Assignment — What you return should match the data below exactly, with no pictures in it.

Provided material —
▼

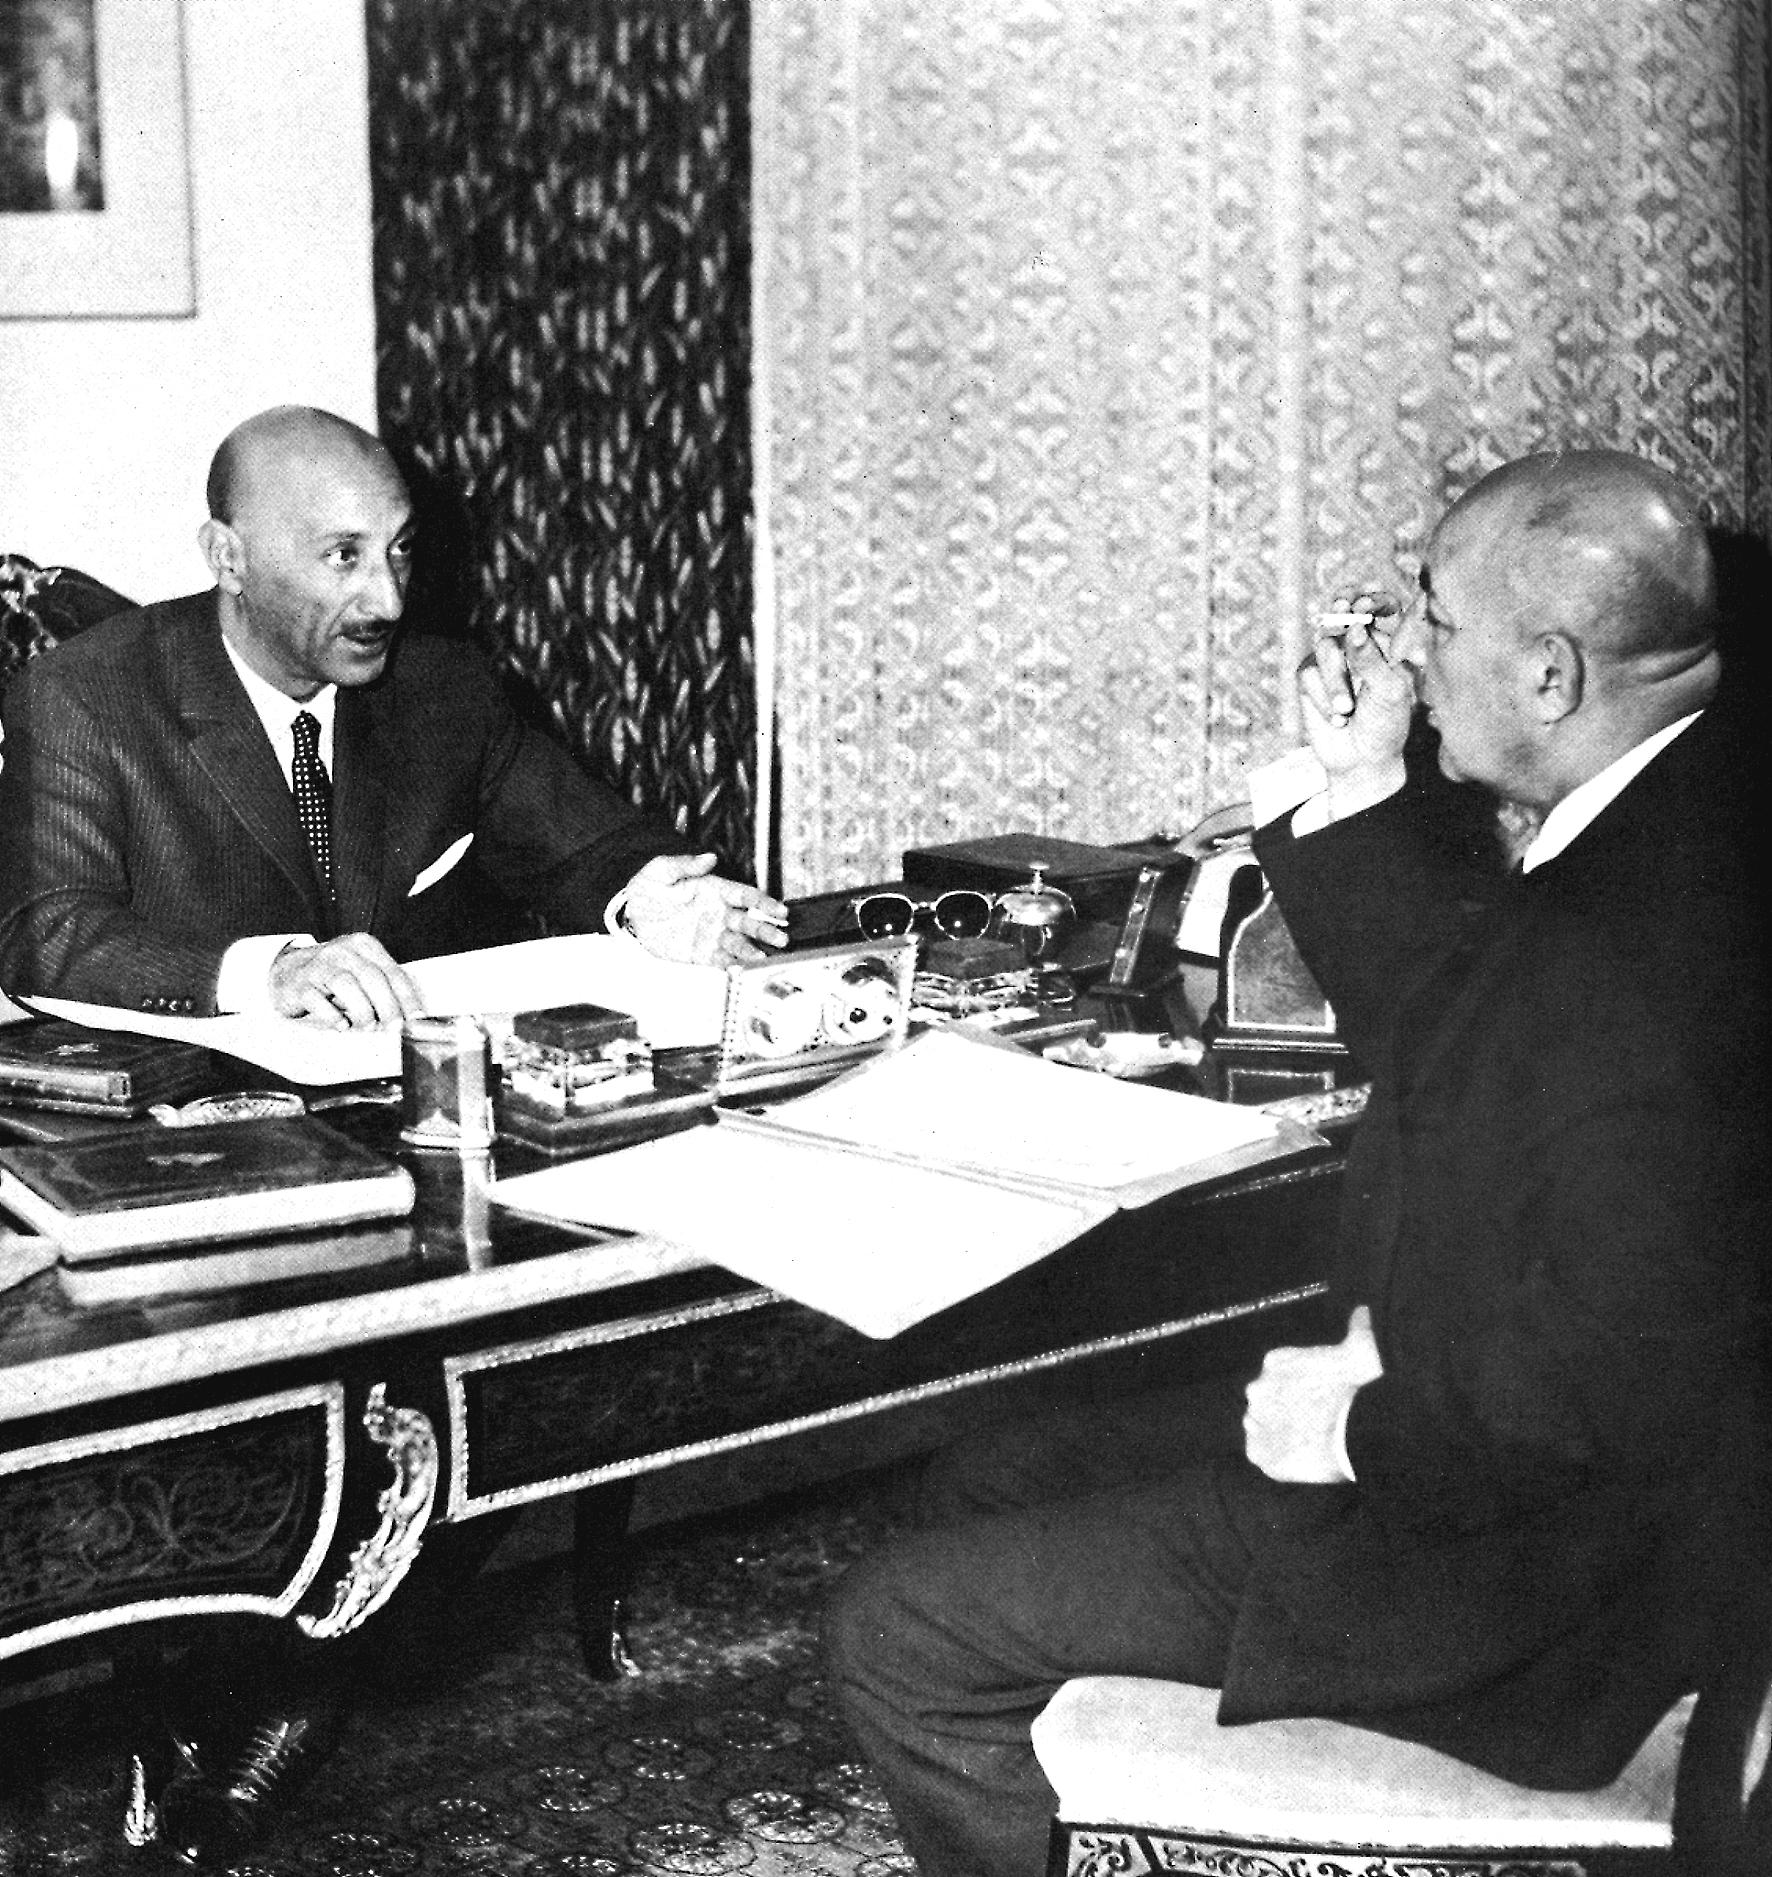 Kong Zahir Shah (t.v.) drøfter statsanliggender med sin premierminister, fætter og svigersøn, prins Daoud. Billedet er fra slutningen af 1950'erne, før Daoud blev afskediget i 1963. I 1973 tog Daoud magten, mens kongen var på ferie i Rom, og udråbte sig selv til præsident for Afghanistan.
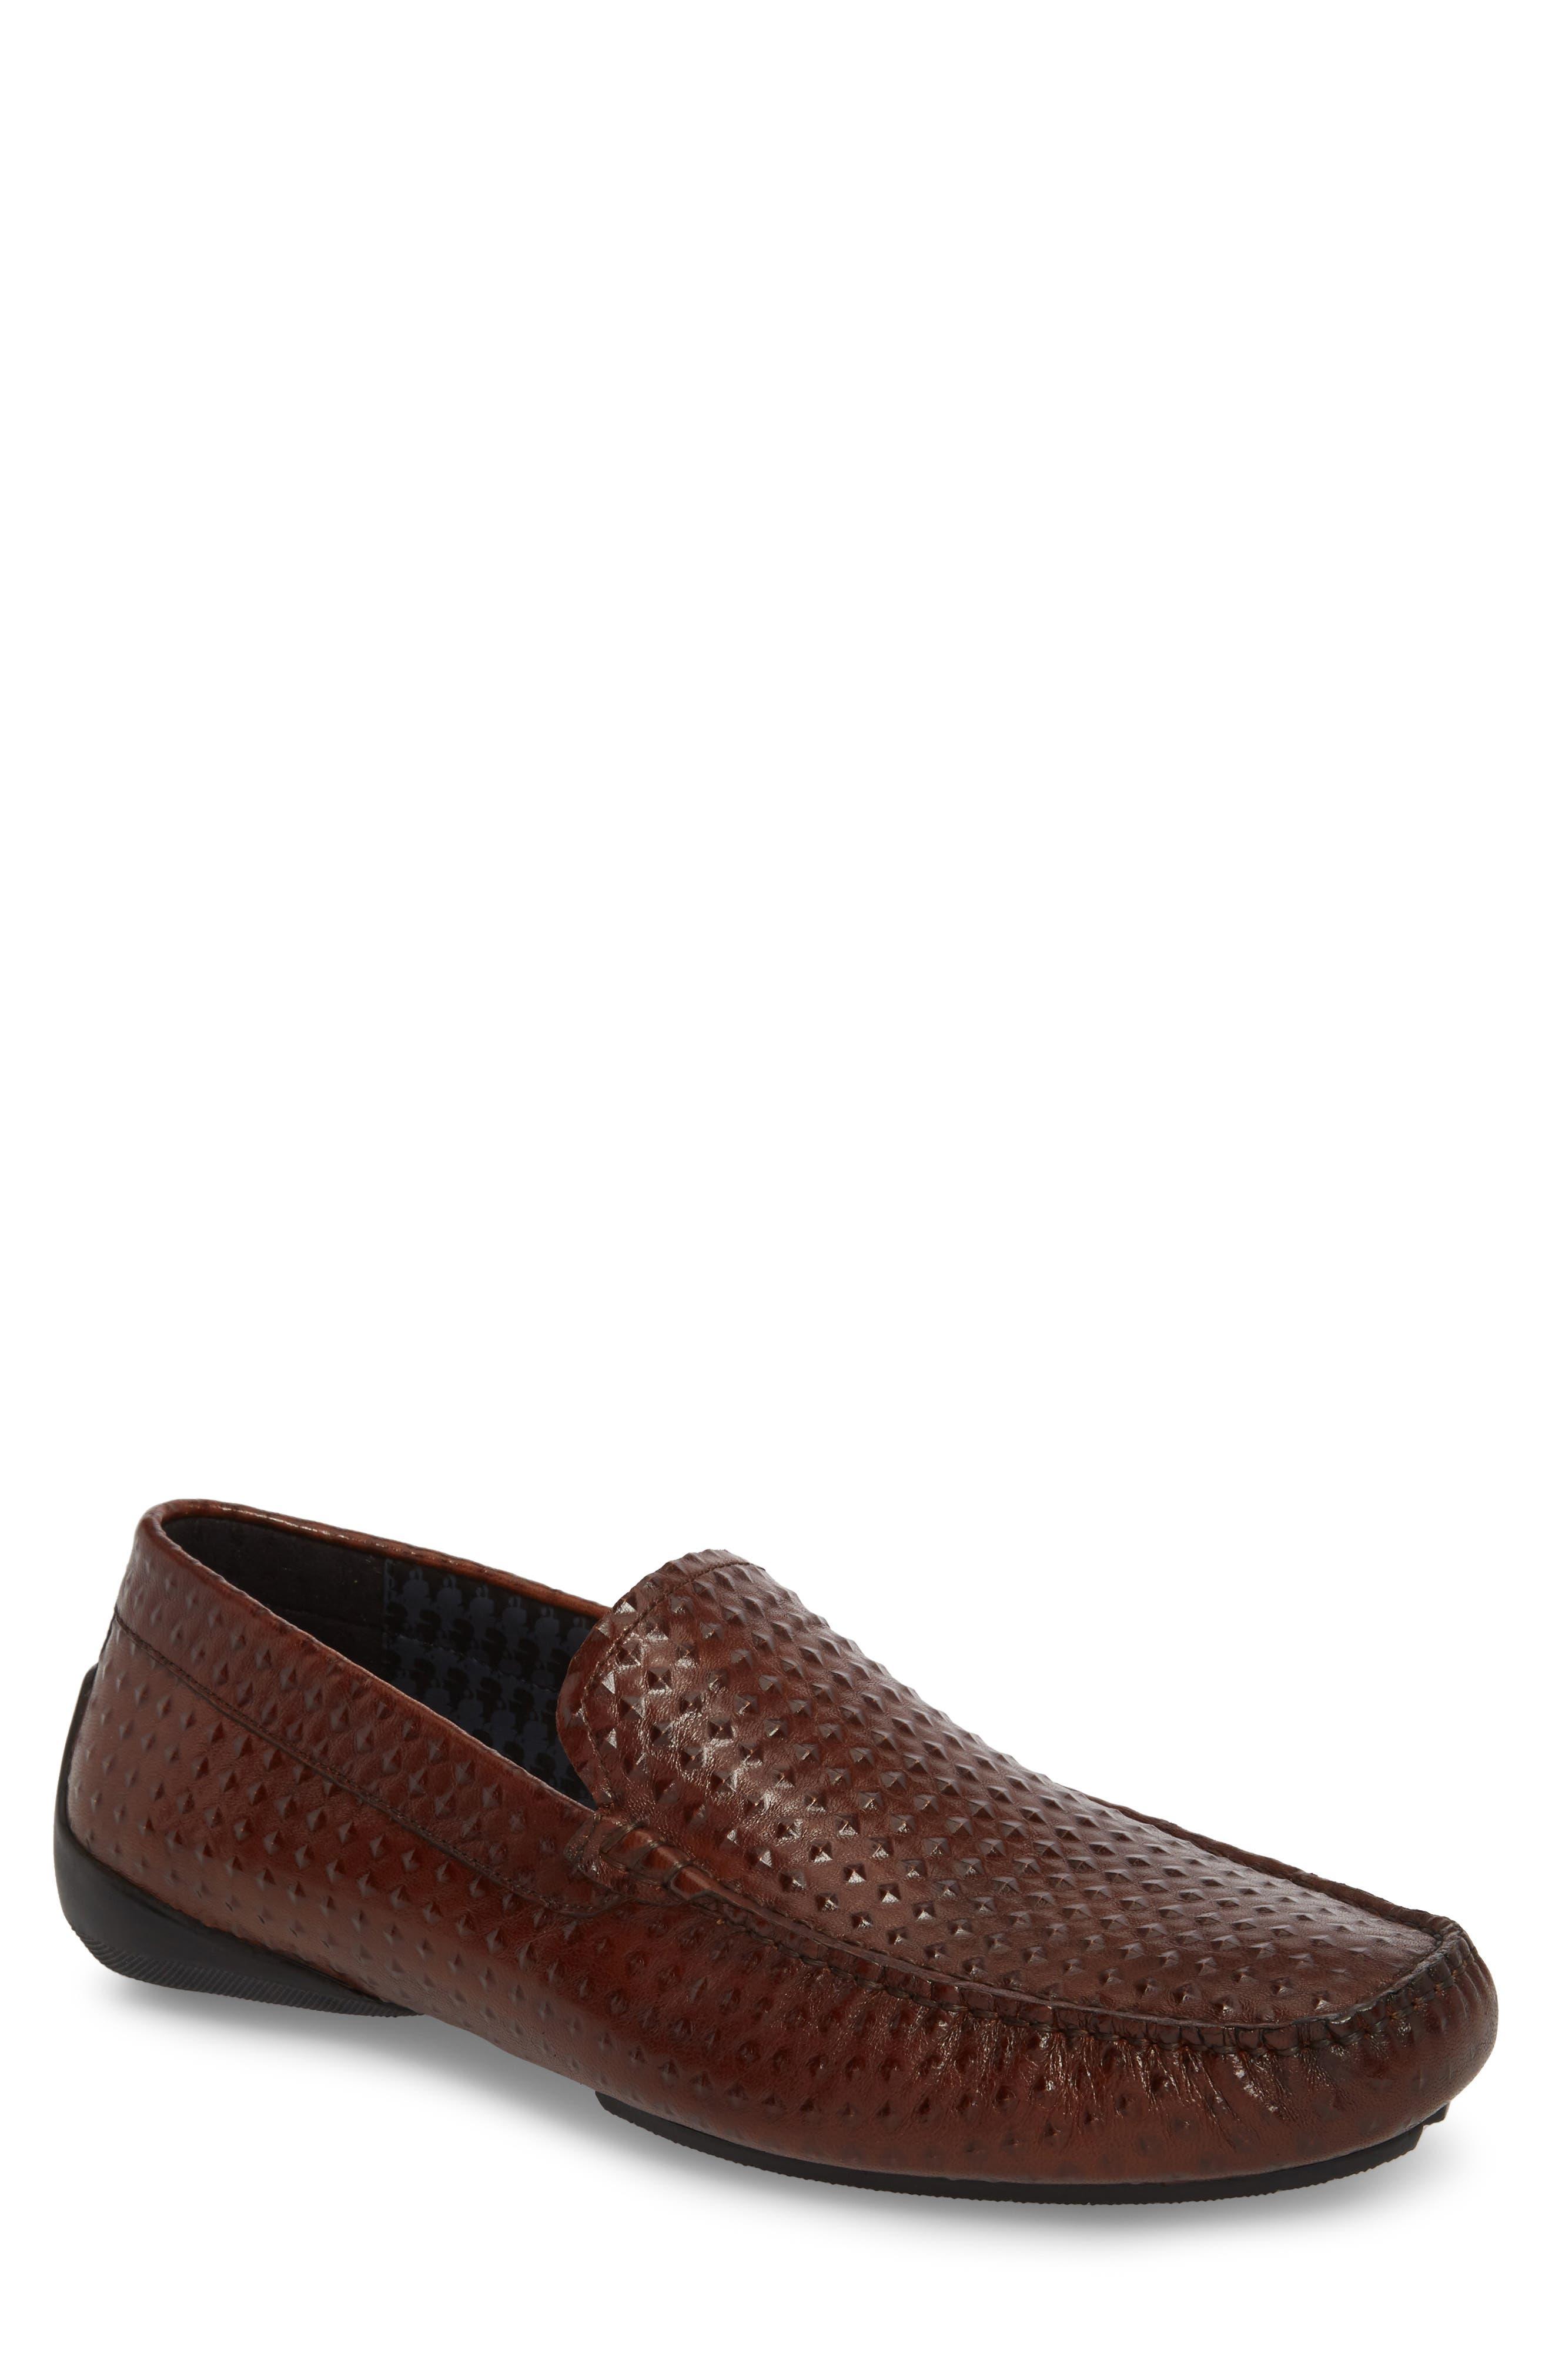 Driving Shoe,                         Main,                         color, Cognac
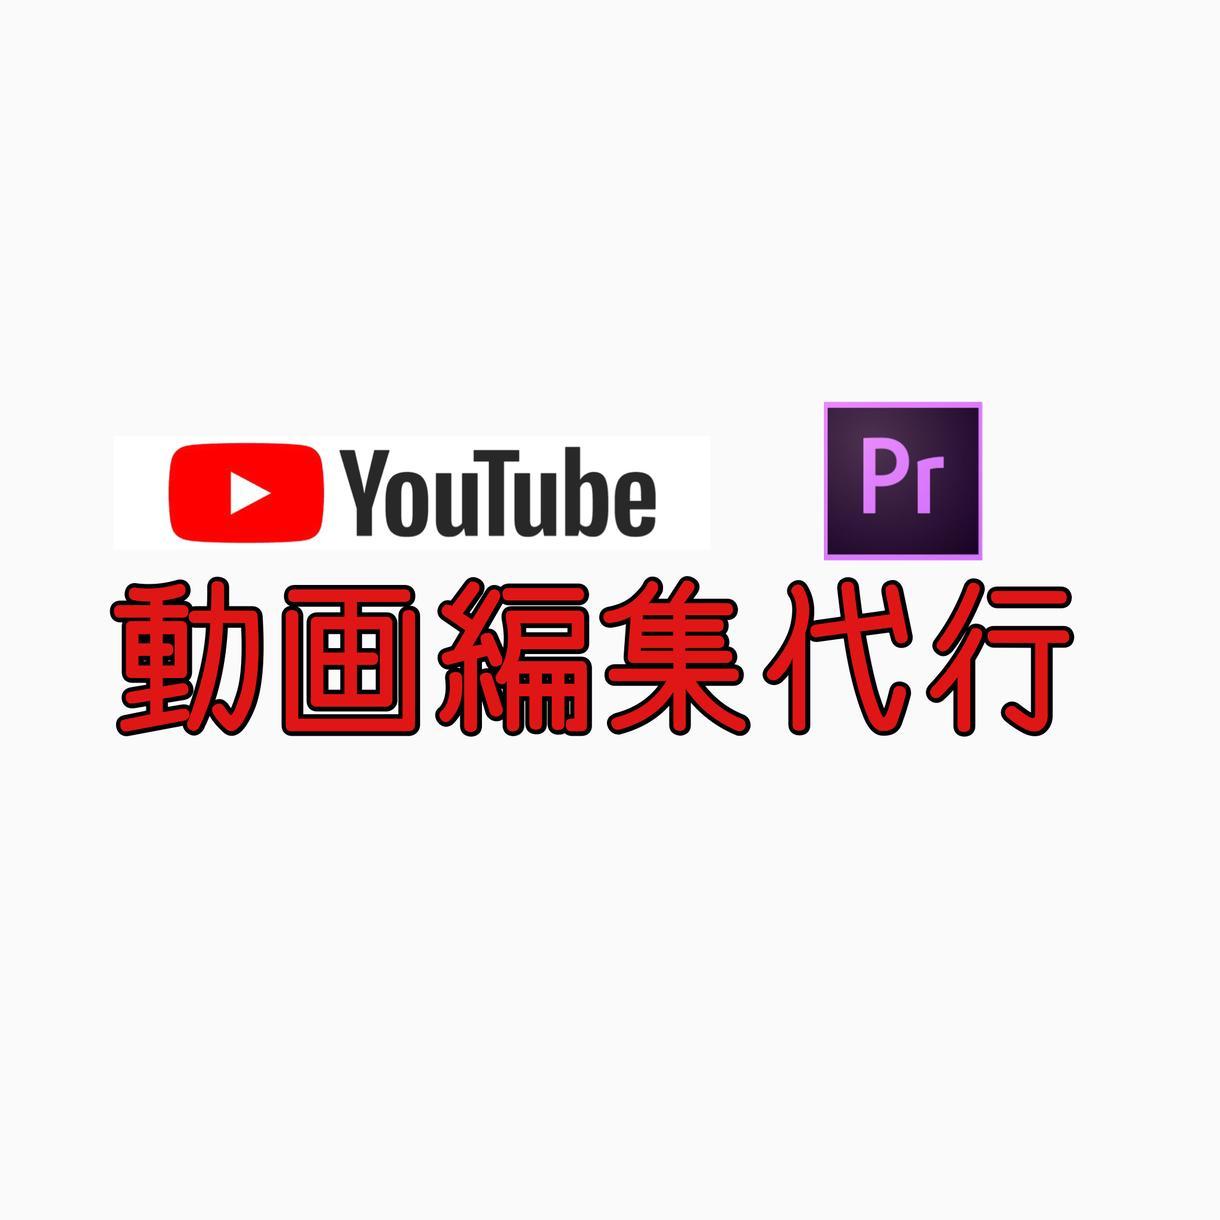 YouTube動画編集代行します YouTube動画編集代行させて頂きます イメージ1

▲

The completed task —
 Kong Zahir Shah (t.v.) drøfter statsanliggender med sin premierminister, fætter og svigersøn, prins Daoud. Billedet er fra slutningen af 1950'erne, før Daoud blev afskediget i 1963. I 1973 tog Daoud magten, mens kongen var på ferie i Rom, og udråbte sig selv til præsident for Afghanistan.
 Driving Shoe,                         Main,                         color, Cognac
 YouTube動画編集代行します YouTube動画編集代行させて頂きます イメージ1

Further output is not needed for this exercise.